Background information
- Origin: Los Angeles, California
- Genres: Acoustic music Rock Progressive rock
- Years active: 2004–present
- Label: Intimate Audio
- Members: Dale Turner (vocals, guitars, bass, drums, piano, mandolin, accordion)
- Website: http://www.intimateaudio.com

= Dale Turner (songwriter) =

American songwriter

Dale Turner is an American singer-songwriter, rock musician, and multi-instrumentalist/record producer, noted for his sophisticated songcraft, quirky vocal arrangements, and adventurous guitar work. Queen-meets-Mr. Bungle-meets-Frank Zappa-like melodic rock, with somewhat psychedelic musical leanings.

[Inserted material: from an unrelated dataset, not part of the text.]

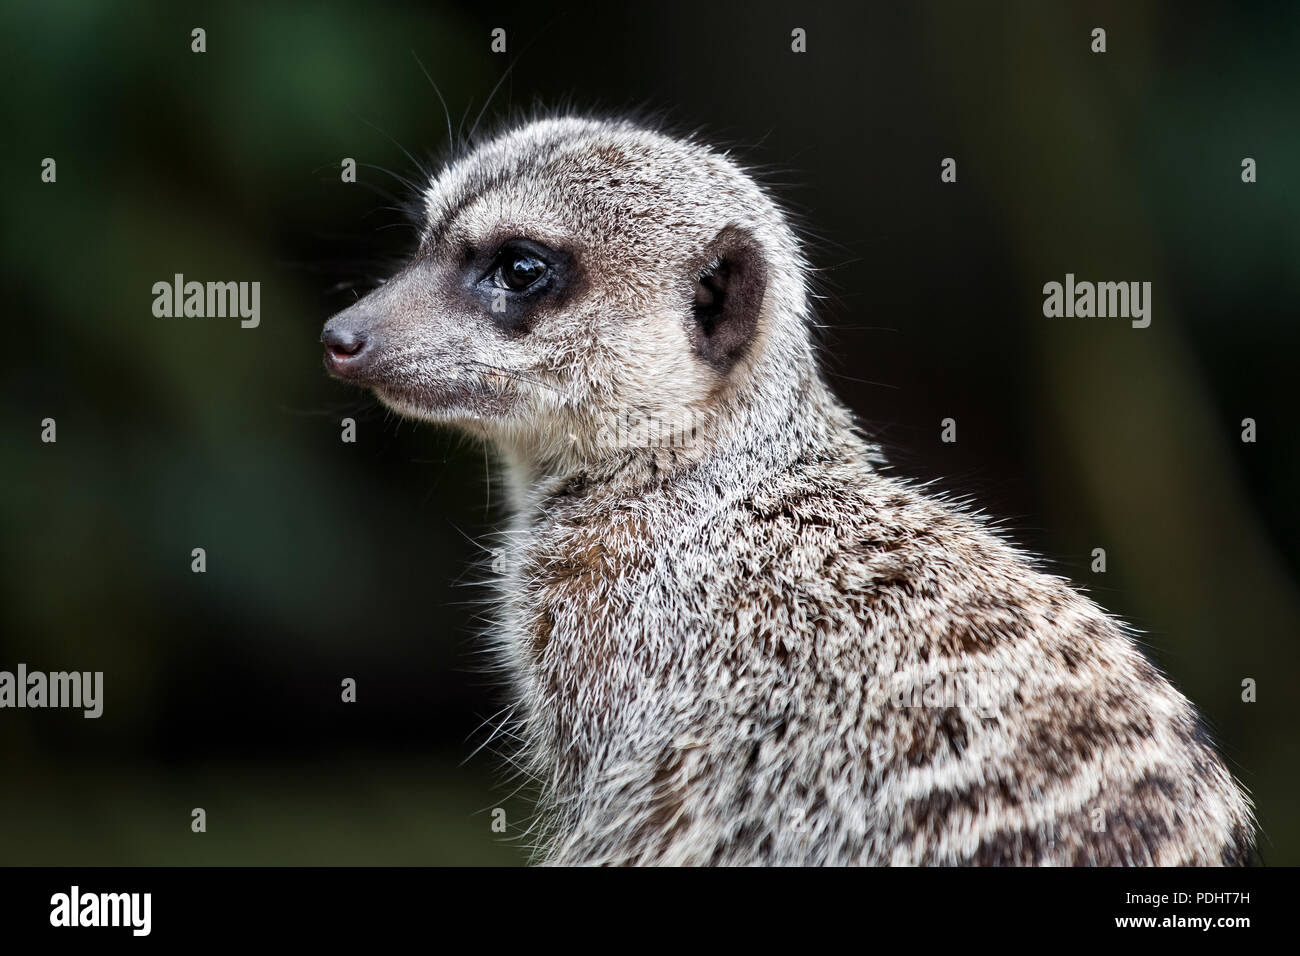 Meerkat animal close up view Stock Photo

Regarded as a musical "Renaissance man" and "mad scientist" for his versatility as a self-recordist in the studio environment, Turner's overall artistic vision has been likened to Jon Brion, Sufjan Stevens, Todd Rundgren, Jeff Buckley, and the Beach Boys' Brian Wilson. Turner is the lone musician featured on all of his albums.

==History==
===Awards and achievements===
In November 2010, Dale Turner's Mannerisms Magnified CD made Guitar Player magazine's list of "Top Three Picks" by Matt Blackett, who praised the album for its "Smart pop tunes that are crammed with interesting guitar parts and tones," comparing it to "what the Beach Boys might do if they were on an acid trip that was on the verge of getting out of control. Yeah!"

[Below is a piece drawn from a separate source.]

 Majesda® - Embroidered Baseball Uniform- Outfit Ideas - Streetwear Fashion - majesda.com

On July 11, 2011, Dale Turner's Mannerisms Magnified album achieved No. 1 Top-Rated Album status on Amazon.com in four categories:

1. No.1 Top Rated in MP3 Albums > Rock (Singer-Songwriters)
2. No.1 Top Rated in MP3 Albums > Alternative Rock (Singer-Songwriters)
3. No.1 Top Rated in MP3 Albums > Alternative Rock (Indie & Lo-Fi)
4. No.1 Top Rated in MP3 Albums > Rock (Progressive)

A regular "acoustic guitar" content contributor to Guitar World magazine, and featured video performer, Turner was one of the first musicians/guitarists to be featured in Guitar World magazine's "Lick of the Day" App. for iPhone.

In 2006, Turner's guitar/vocal-only rendition of Queen's "Bohemian Rhapsody" was selected as one of the "Top Cover Song Recordings" at the Just Plain Folks Music Awards.

===Radio===
Dale Turner's's debut American radio broadcast was on "Appalachian Trail," Steve Sedberry's "Vaguely Folk Music" show on WUWG Radio 90.7 FM, broadcast August 24, 2004; Sedberry played Turner's cover versions of Queen's "Bohemian Rhapsody" and Harry Nilsson's "Coconut."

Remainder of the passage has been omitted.